Member of Parliament for Bradford North
- In office 11 June 1987 – 6 August 1990
- Preceded by: Geoffrey Lawler
- Succeeded by: Terry Rooney
- Majority: 1,633 (3.3%)

President of the Bradford Trades Council
- In office 1973–1990
- Preceded by: Ludwig Baruch
- Succeeded by: Ronnie Fieldhouse

Personal details
- Born: Charles Patrick Wall 6 May 1933 Liverpool, England
- Died: 6 August 1990 (aged 57) Bradford, England
- Party: Labour
- Occupation: Trade unionist; activist;

= Pat Wall =

English Trotskyist political activist

Charles Patrick Wall (6 May 1933 - 6 August 1990) was an English Trotskyist political activist who was the Labour Party Member of Parliament (MP) for Bradford North from 1987 until his death. Wall was a long-standing member of the Militant group.

==Early years==
Born into a working class family on 6 May 1933, he began political activity when he was picked up on a canvass by a local activist in 1950. Wall adopted a Trotskyist outlook and joined the Deane-Grant group, the remnant of the Revolutionary Communist Party, which later became the Militant group. Wall became Garston Constituency Labour Party Secretary in 1952.

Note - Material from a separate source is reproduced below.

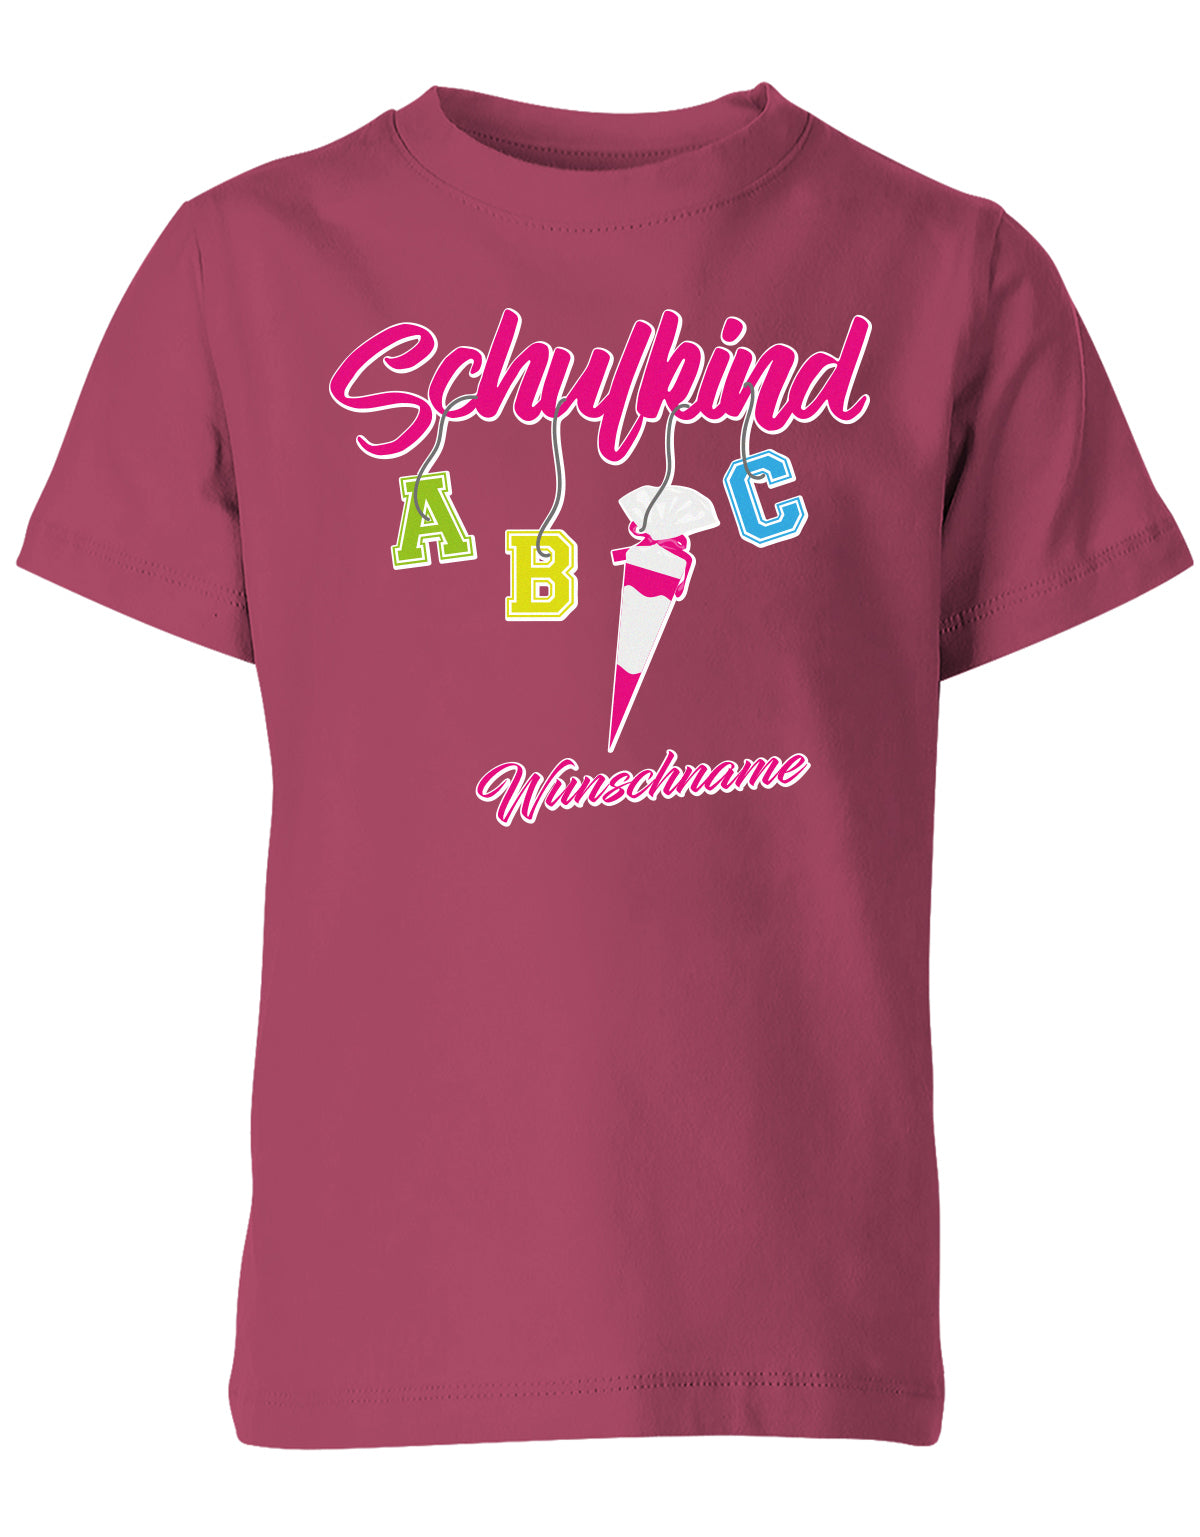 Schulkind ABC Schultüte Wunschname Blau oder Pink Einschulung Kinder T-Shirt Sorbet pink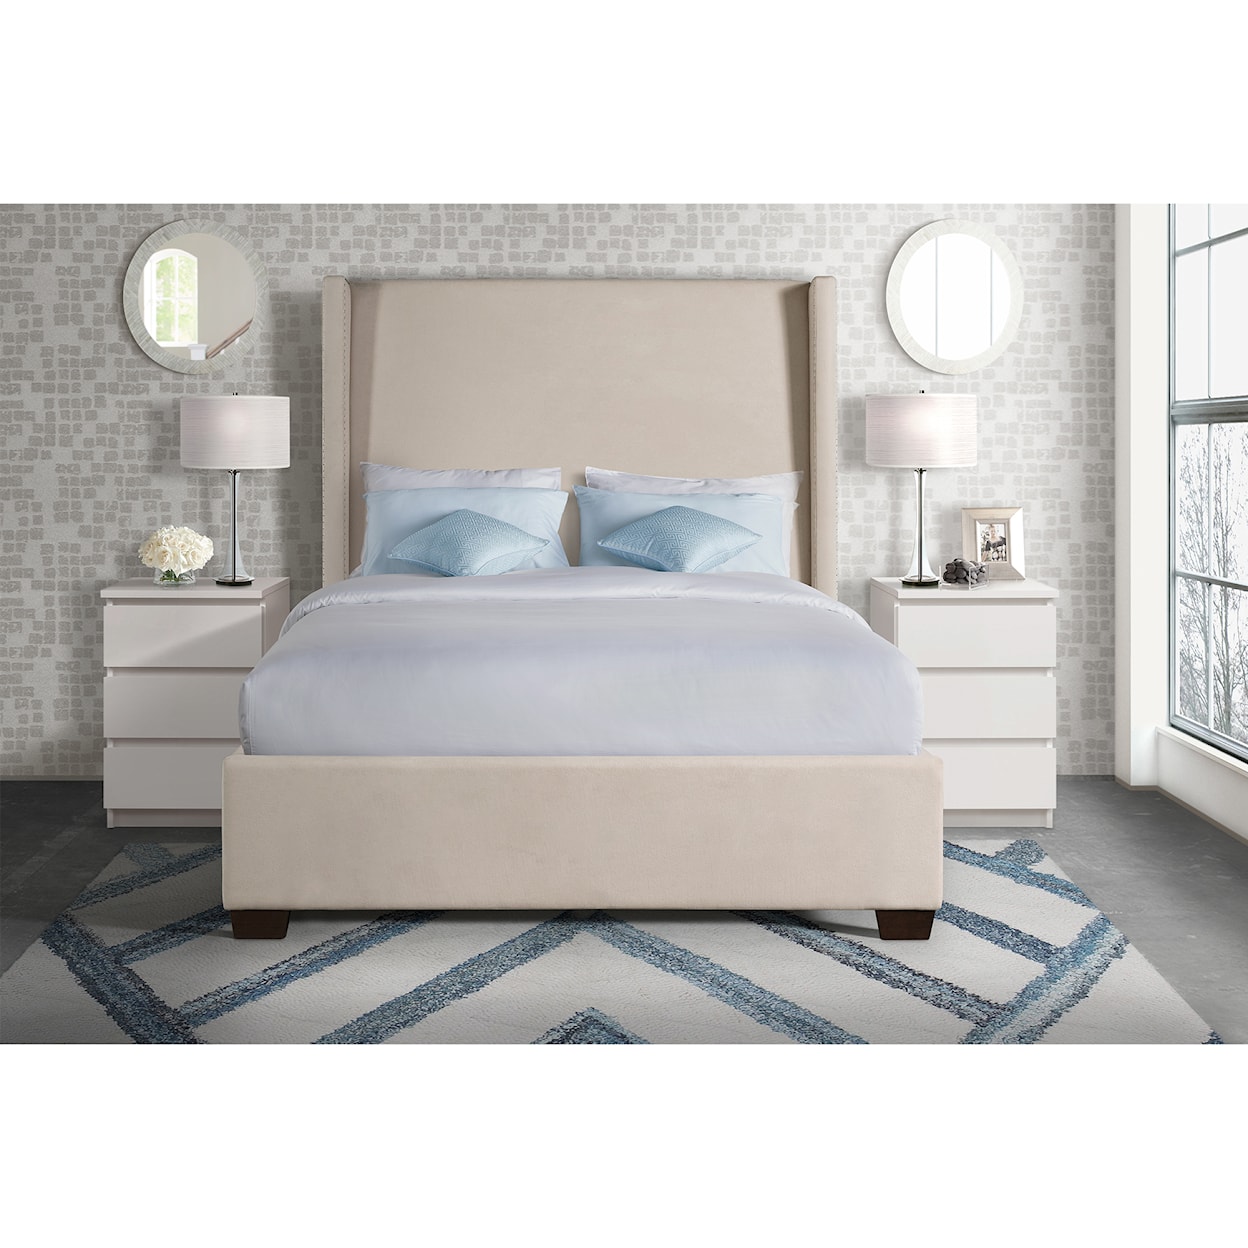 Elements International Magnolia King Upholstered Bed

Wall played a role in moving the Liverpool Labour Party to the left in the late 1950s as a member of the (then) joint Liverpool Trades Council and Labour Party Executive. He was also one of the youngest Liverpool councillors in the 1950s.

== Involvement with revolutionary journals ==
Wall was associated with a series of journals aimed at leading and widening the influence of Trotskyism, and popularising it without compromising or diluting it. After National Service in the Army he returned to Liverpool and helped to produce the youth journal Rally, organ of the Walton Labour Youth League. Terry Harrison has described how when he joined the Labour Party Young Socialists in 1958, it was Wall and Rally that "invited me to make a real commitment to the ideas of Marxism, and made me realise what this meant". Wall was then on the editorial board of Socialist Fight (1958-1963), and played a leading role in launching and editing the newspaper Militant.

Wall's job as a mail-order company buyer eventually took him away from Liverpool to Market Harborough, and then to Bingley in Bradford, where he worked for the local council. It also took him abroad, and he established political contacts on his foreign travels in Sri Lanka, Hong Kong, South Korea and the United States. His assistance to Trotskyists in Sri Lanka in 1979 was still remembered in tributes sent in memoriam.

== Labour Party ==
Wall was a delegate from Shipley constituency to the Labour Party's annual conference in 1972. With Ray Apps, a fellow member of the Militant tendency, he proposed a composite motion calling for "an enabling Bill to secure the public ownership of major monopolies," which was passed by 3,501,000 votes to 2,497,000.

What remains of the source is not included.